И как ни странно, все реальное стало теперь казаться ей нереальным.
Переход длинной в милю и разбивка лагеря на берегу потока промелькнули как
в бреду. Как во сне, она жарила мясо, кормила собак, развязывала вьюки и
пришла в себя лишь тогда, когда Каним принялся набрасывать перед нею планы
новых странствий.
- Клондайк, - говорил он, - впадает в Юкон, огромную реку; она
больше, чем Маккензи, а Маккензи ты знаешь. Итак, мы с тобой спустимся до
Форта Юкон. На собаках в зимнее время это будет двадцать снов. Потом мы
пойдем вдоль Юкона на запад - это сто или двести снов, не знаю точно. Это
очень далеко. И тогда мы подойдем к морю. О море ты ничего не знаешь, так
что я расскажу тебе про него. Как озеро обтекает остров, так море обтекает
всю землю; все реки впадают в него, и нет ему ни конца ни края. Я видел
его у Гудзонова залива, и я должен увидеть его с берегов Аляски. И тогда,
Ли Ван, мы с тобой сядем в огромную лодку и поплывем по морю или же пойдем
пешком по суше на юг, и так пройдет много сотен снов. А что будет потом, я
не знаю; знаю только, что я, Каним-Каноэ, странник и землепроходец!
Она сидела и слушала, и страх вгрызался в ее сердце, когда она думала
о том, что обречена затеряться в этих бескрайних пустынях.
- Тяжелый это будет путь, - только и проронила она и смиренно уткнула
голову в колени.
Но вдруг ее осенила чудесная мысль - такая, что Ли Ван даже
вспыхнула. Она спустилась к потоку и отмыла с лица засохшую глину. Когда
рябь на воде улеглась, Ли Ван внимательно всмотрелась в свое отражение. Но
солнце и ветер сделали свое дело: кожу ее, обветренную, загорелую, нельзя
было и сравнить с детски-нежной кожей той белой женщины. А все-таки это
была чудесная мысль, и она продолжала волновать Ли Ван и тогда, когда она
юркнула под меховое одеяло и улеглась рядом с мужем.

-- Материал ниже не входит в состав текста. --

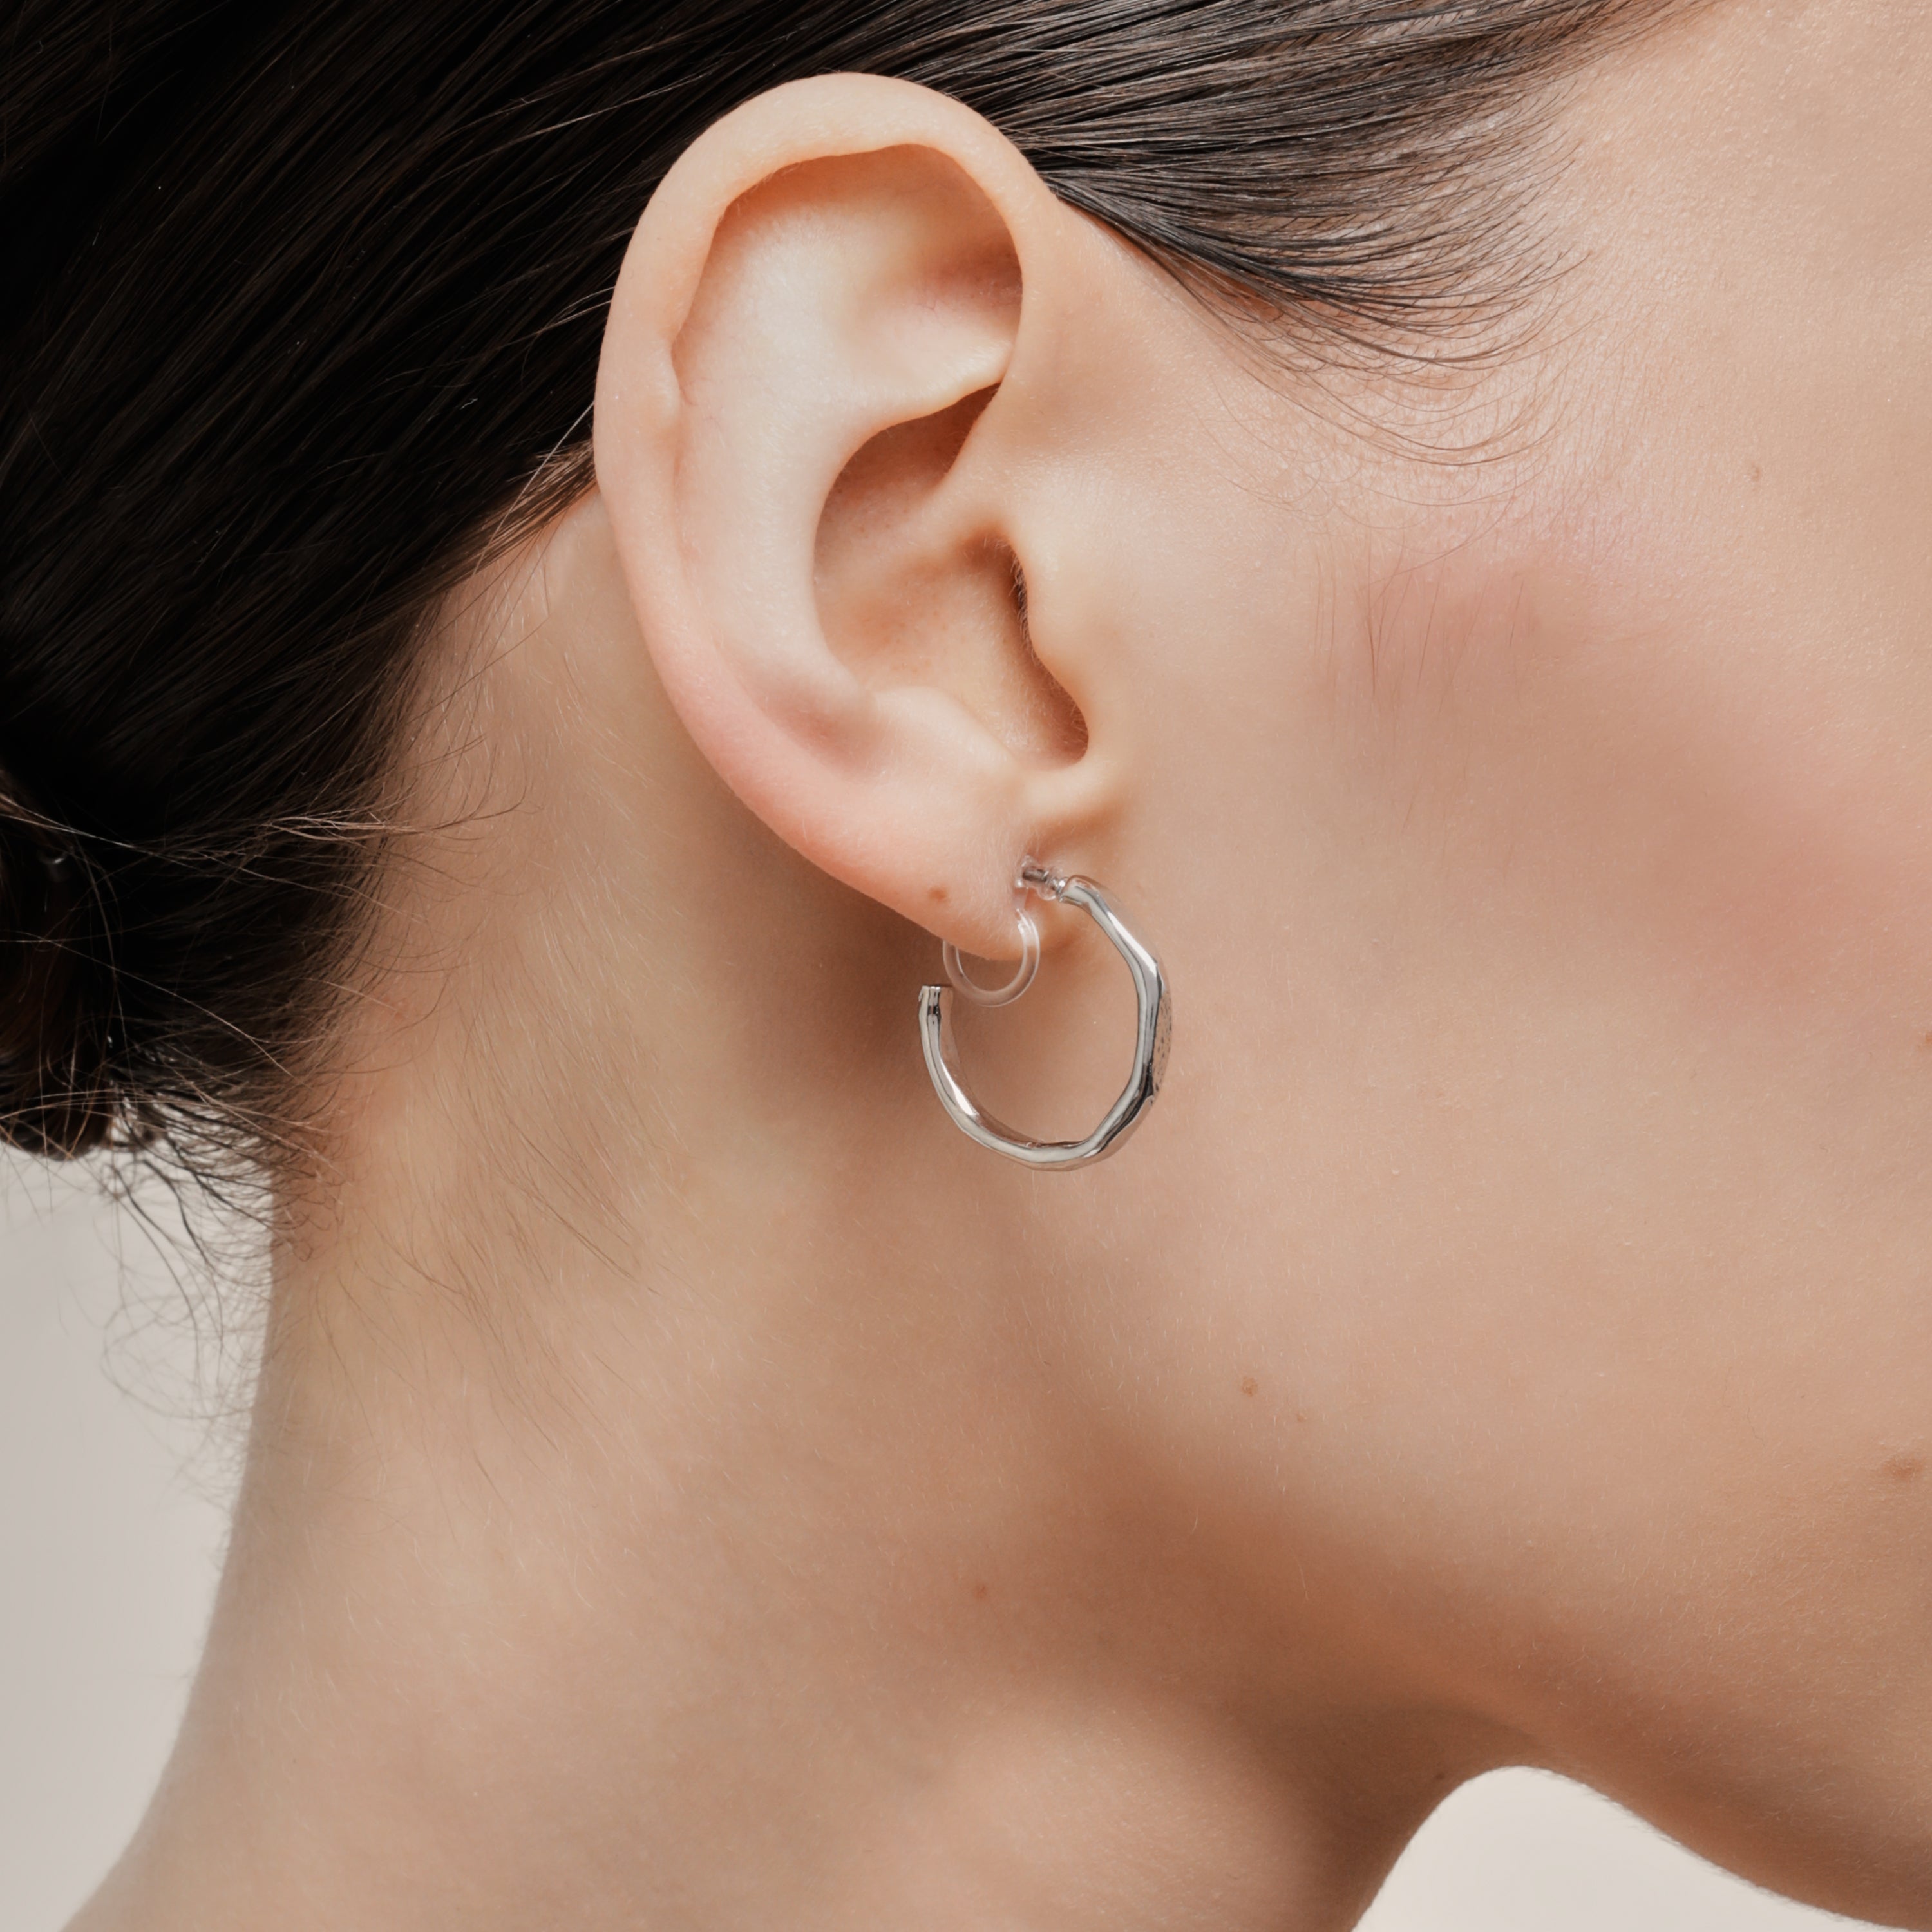 A model wearing the Smith Hoop Clip On Earrings in Silver, perfect for all ear sizes. With a resin clip-on closure and medium secure hold, these earrings provide comfort for 8-12 hours. Whether you have thick, large, or sensitive ears, these earrings are a must-have! Note: No adjustments possible and one pair only.

Она лежала, устремив глаза в синеву неба, выжидая, когда муж уснет
первым глубоким сном. Когда он заснул, она медленно и осторожно выползла
из-под одеяла, подоткнула его под спящего и выпрямилась. При первом же ее
шаге Баш угрожающе заворчал. Ли Ван шепотом успокоила его и оглянулась на
мужа. Каним громко храпел. Тогда Ли Ван повернулась и быстро, бесшумно
побежала назад по тропе.
Миссис Эвелин Ван-Уик только что собралась лечь в постель.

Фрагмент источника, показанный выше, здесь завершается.